TASK REQUIREMENTS:
Retype nothing but the lines from the start of the material up to and including the line with "South African Beauty Necklace – 1.80 ct.". Pictures don't belong in the copy.

··· DATA BELOW ···

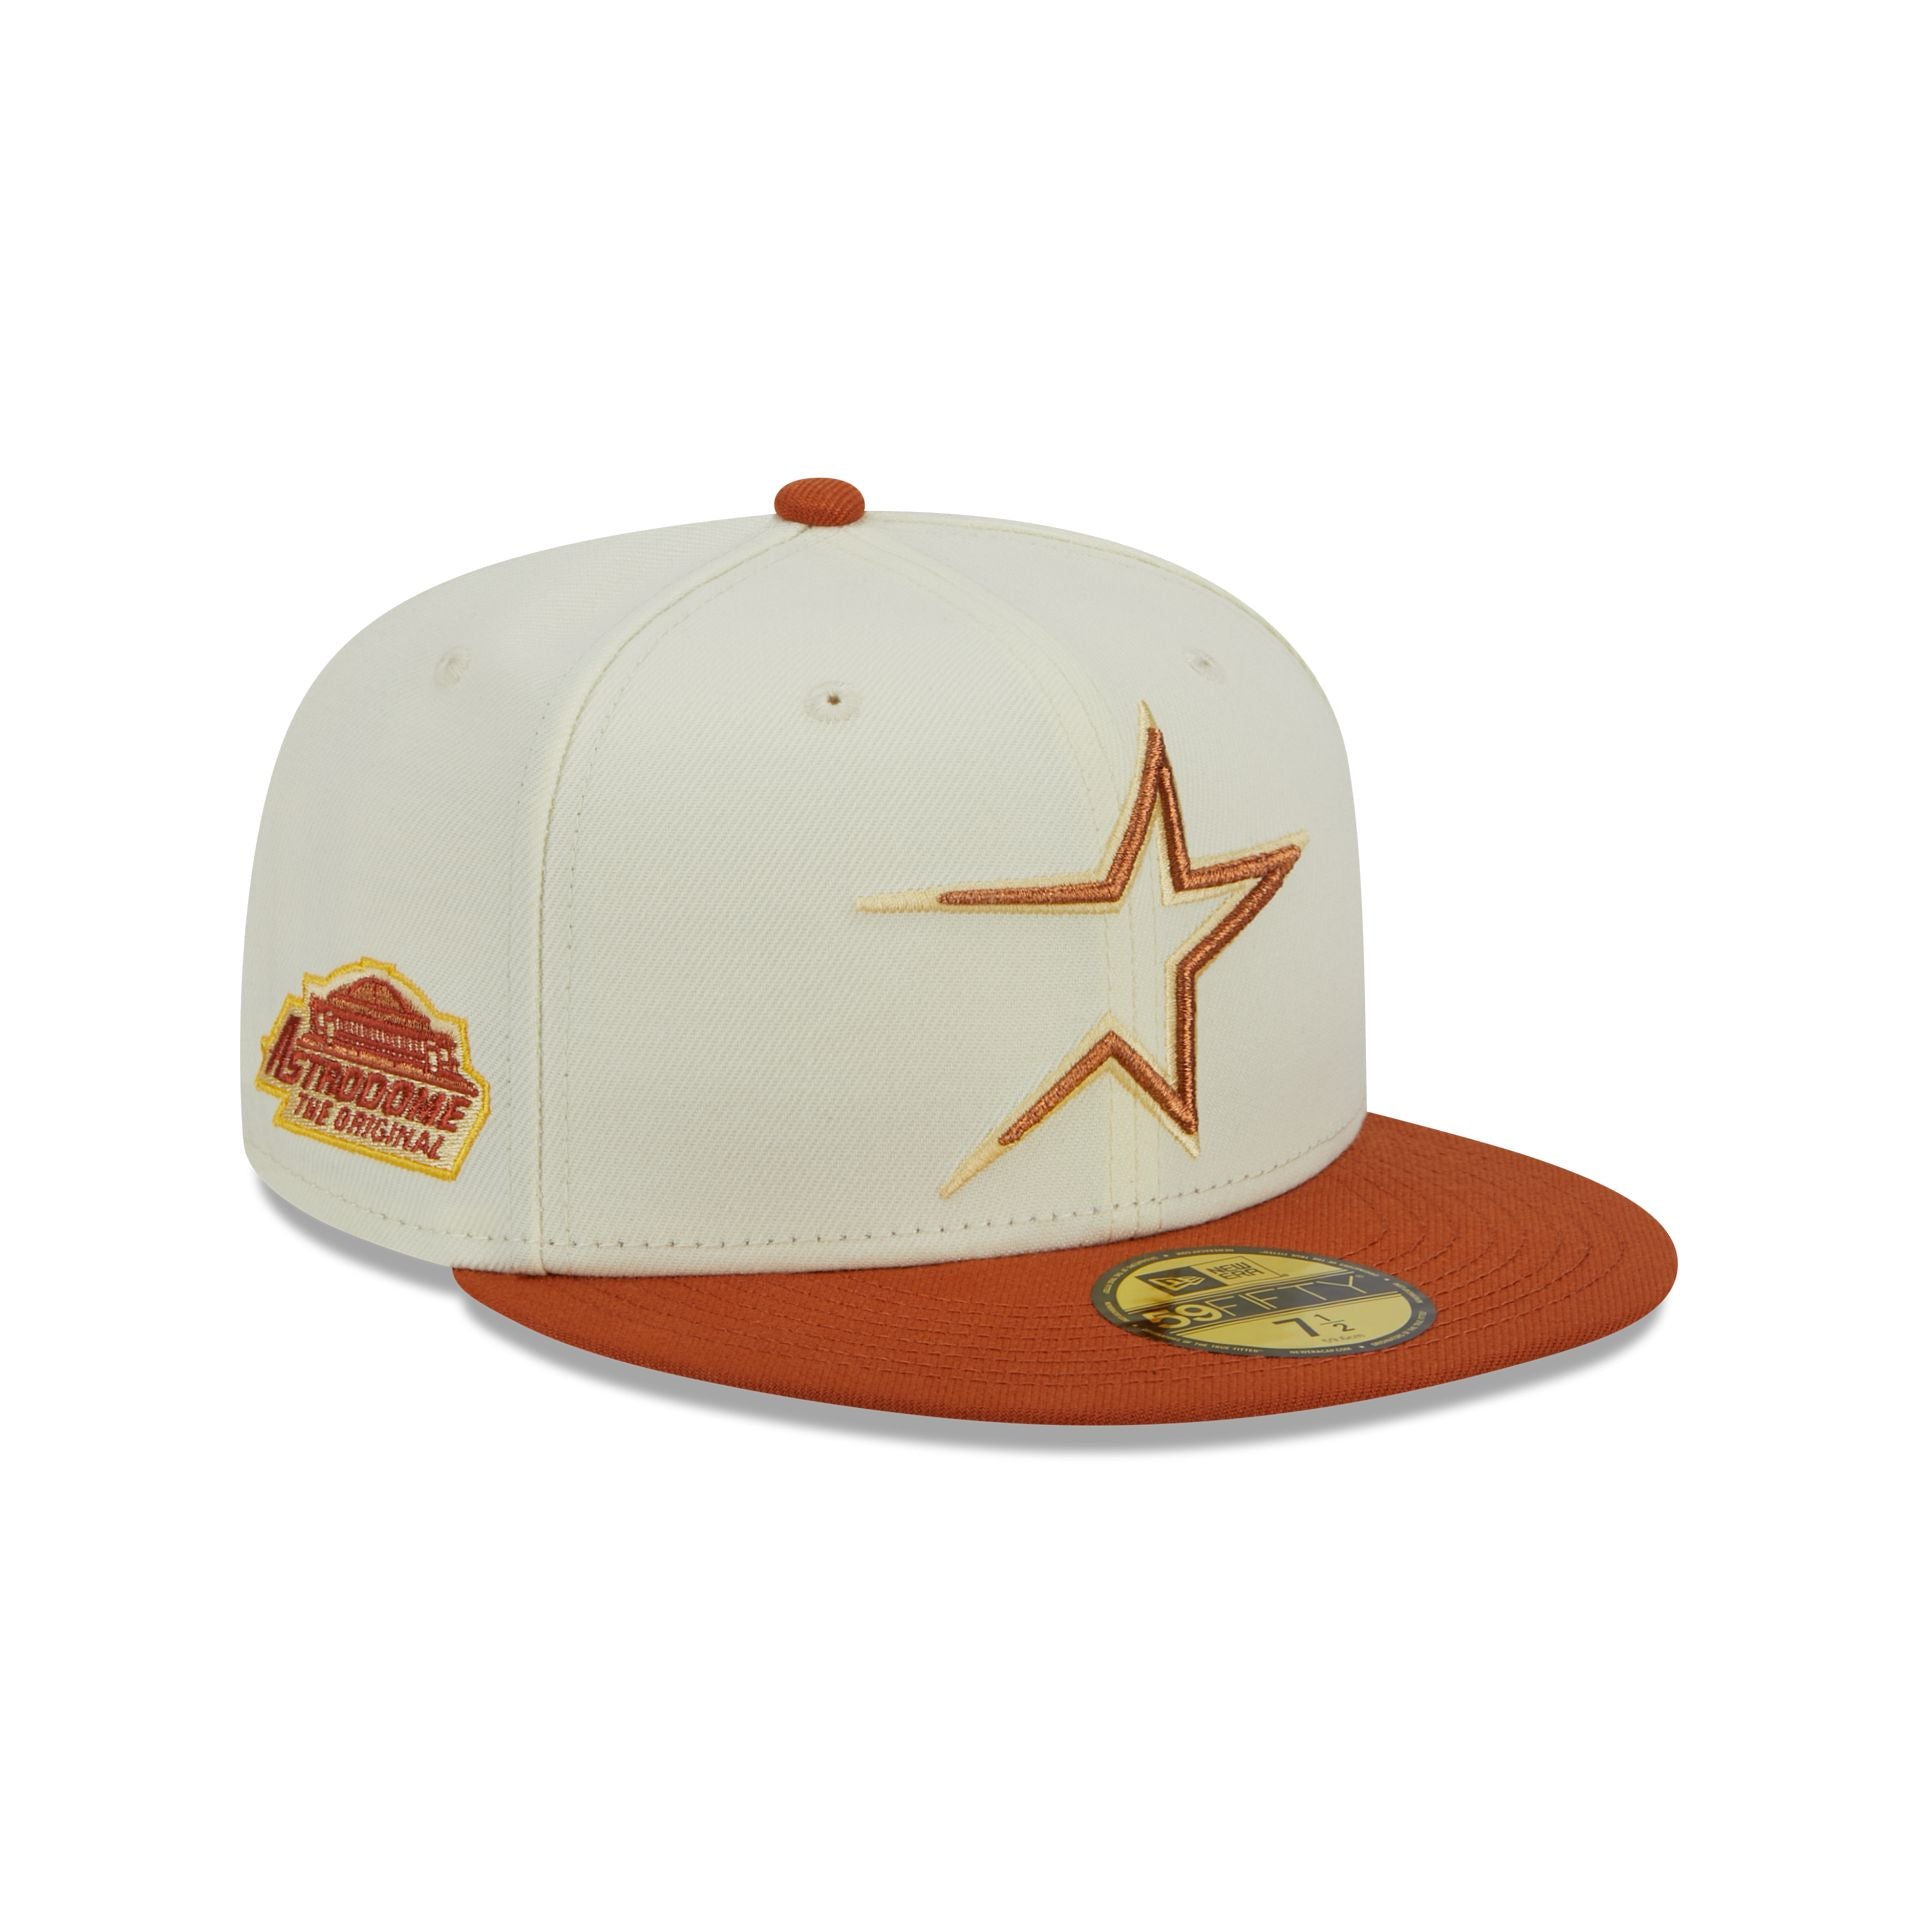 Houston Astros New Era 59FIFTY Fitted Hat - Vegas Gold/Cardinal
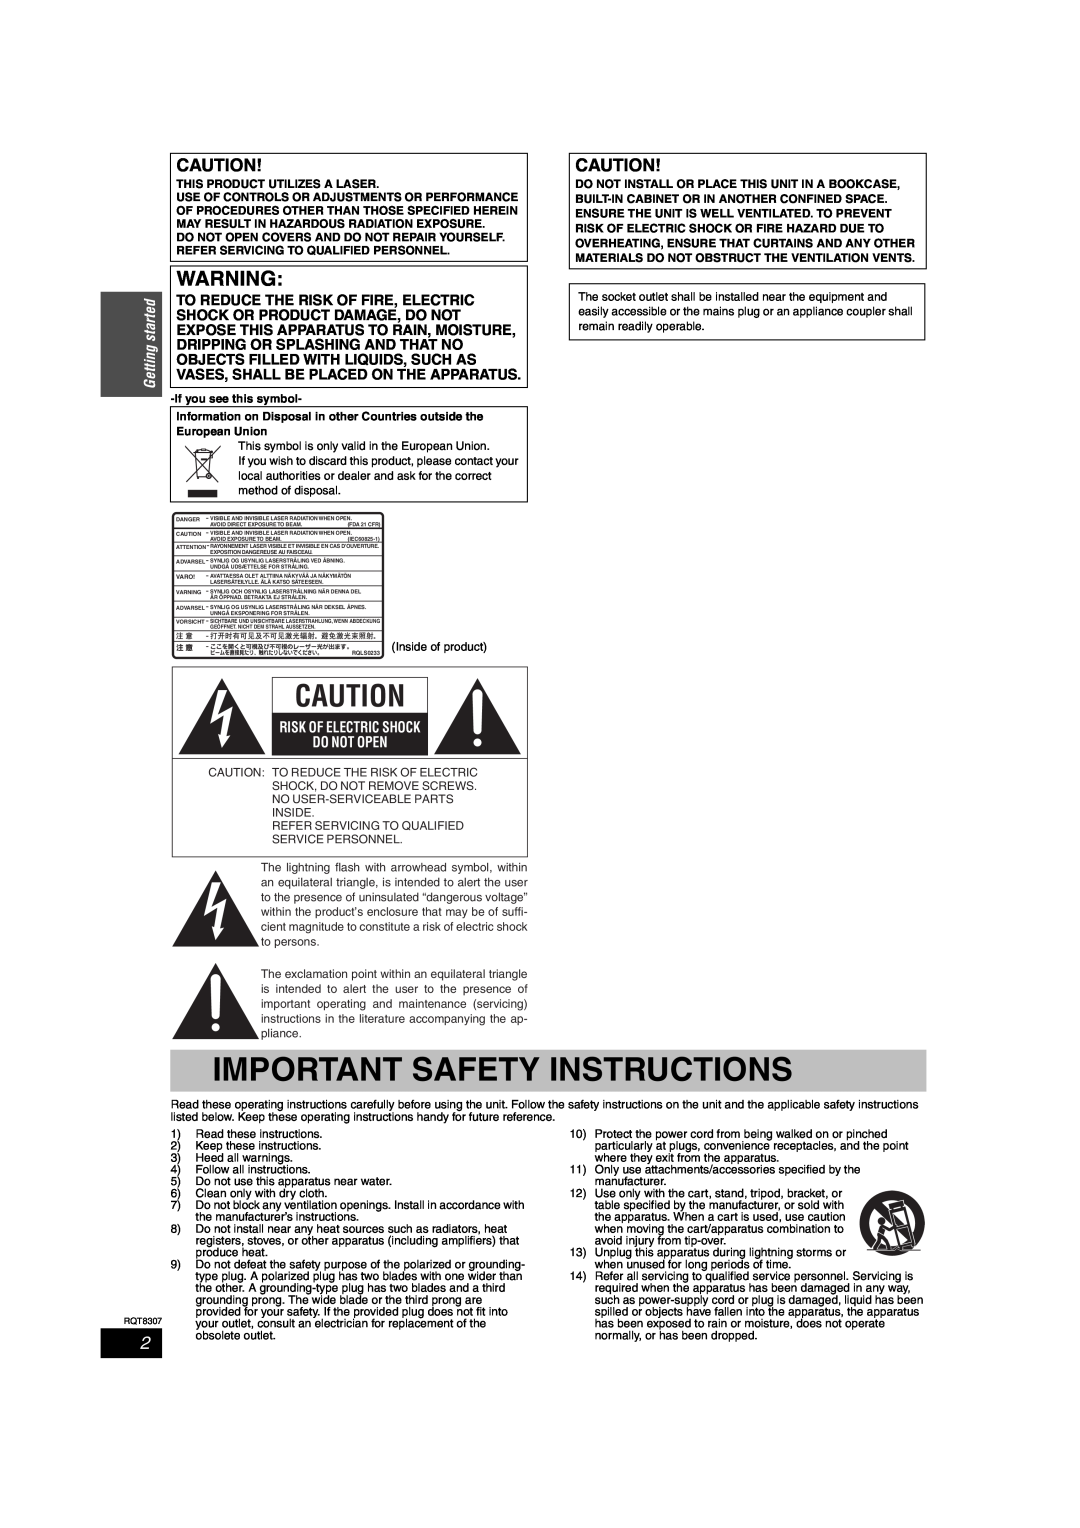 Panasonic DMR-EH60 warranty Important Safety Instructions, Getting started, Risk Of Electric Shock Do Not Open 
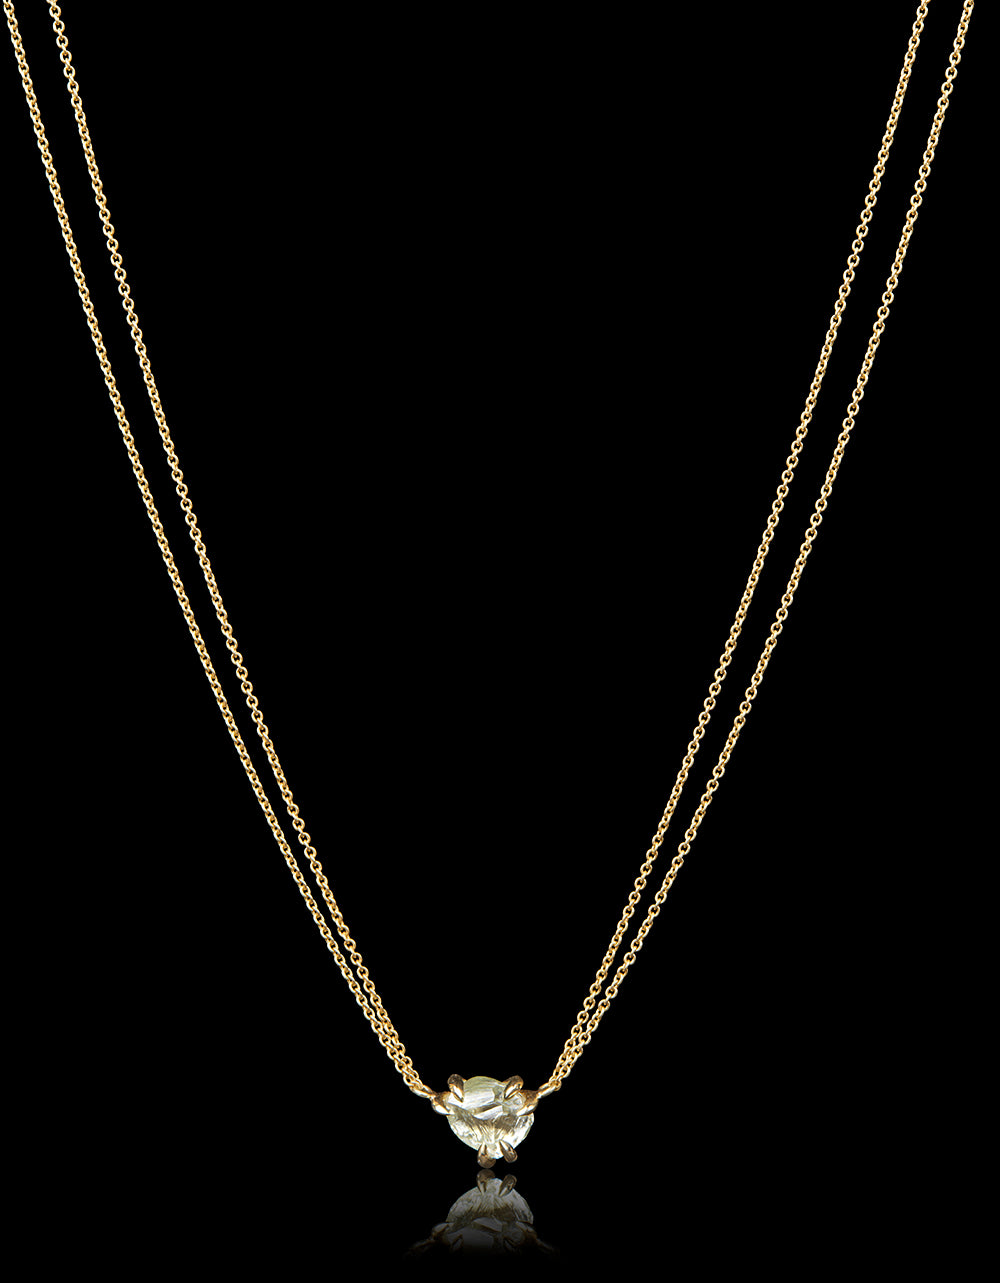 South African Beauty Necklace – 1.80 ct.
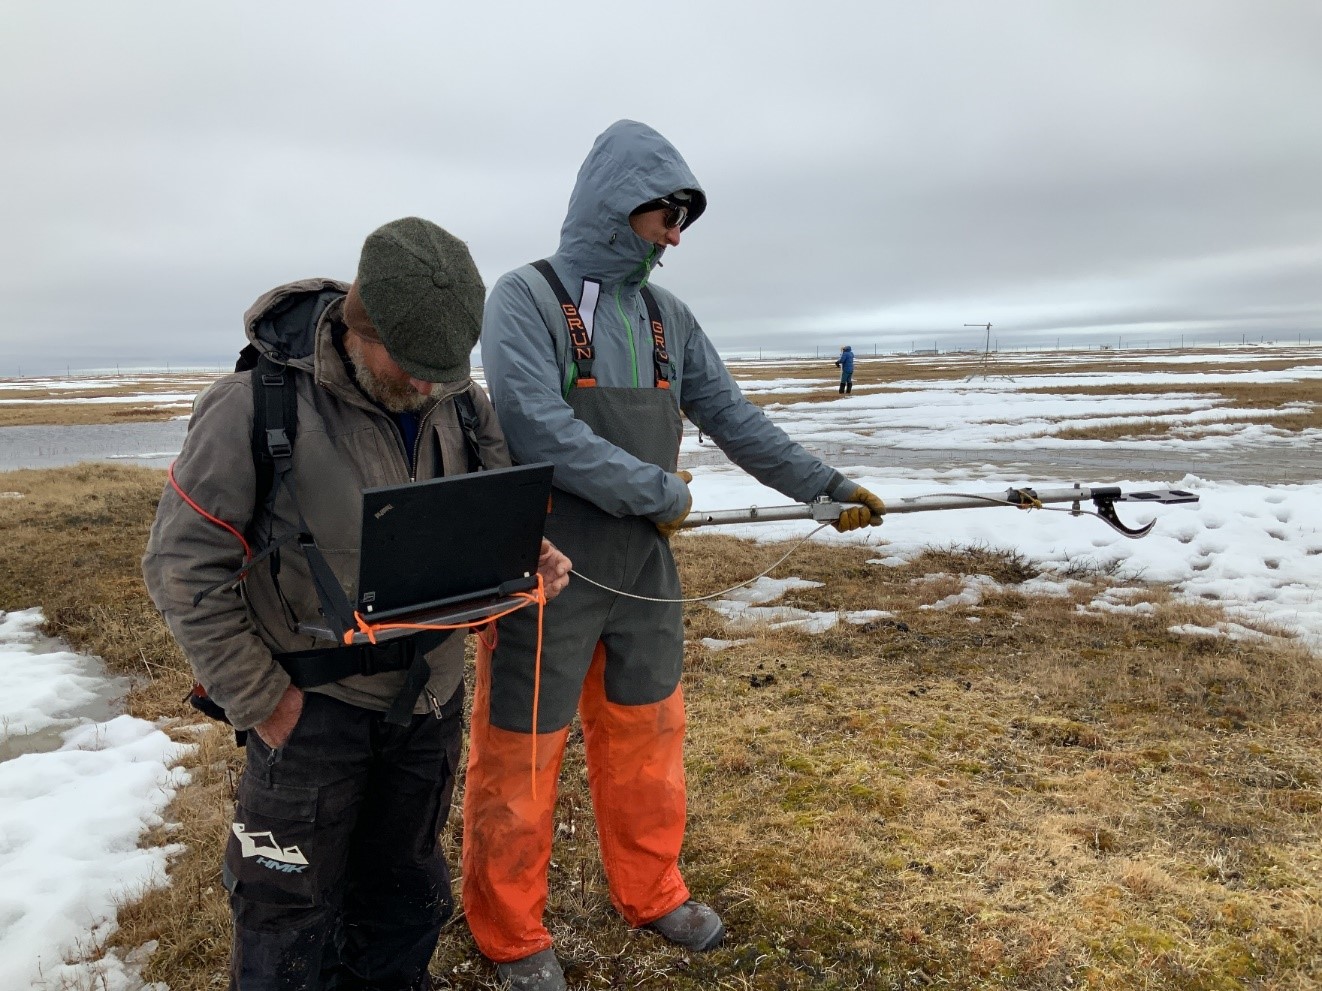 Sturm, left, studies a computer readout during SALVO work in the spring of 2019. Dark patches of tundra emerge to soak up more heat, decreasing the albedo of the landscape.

···

YOUR RESPONSE:
 Houston Astros New Era 59FIFTY Fitted Hat - Vegas Gold/Cardinal
 Panasonic DMR-EH60 warranty Important Safety Instructions, Getting started, Risk Of Electric Shock Do Not Open 
 South African Beauty Necklace – 1.80 ct.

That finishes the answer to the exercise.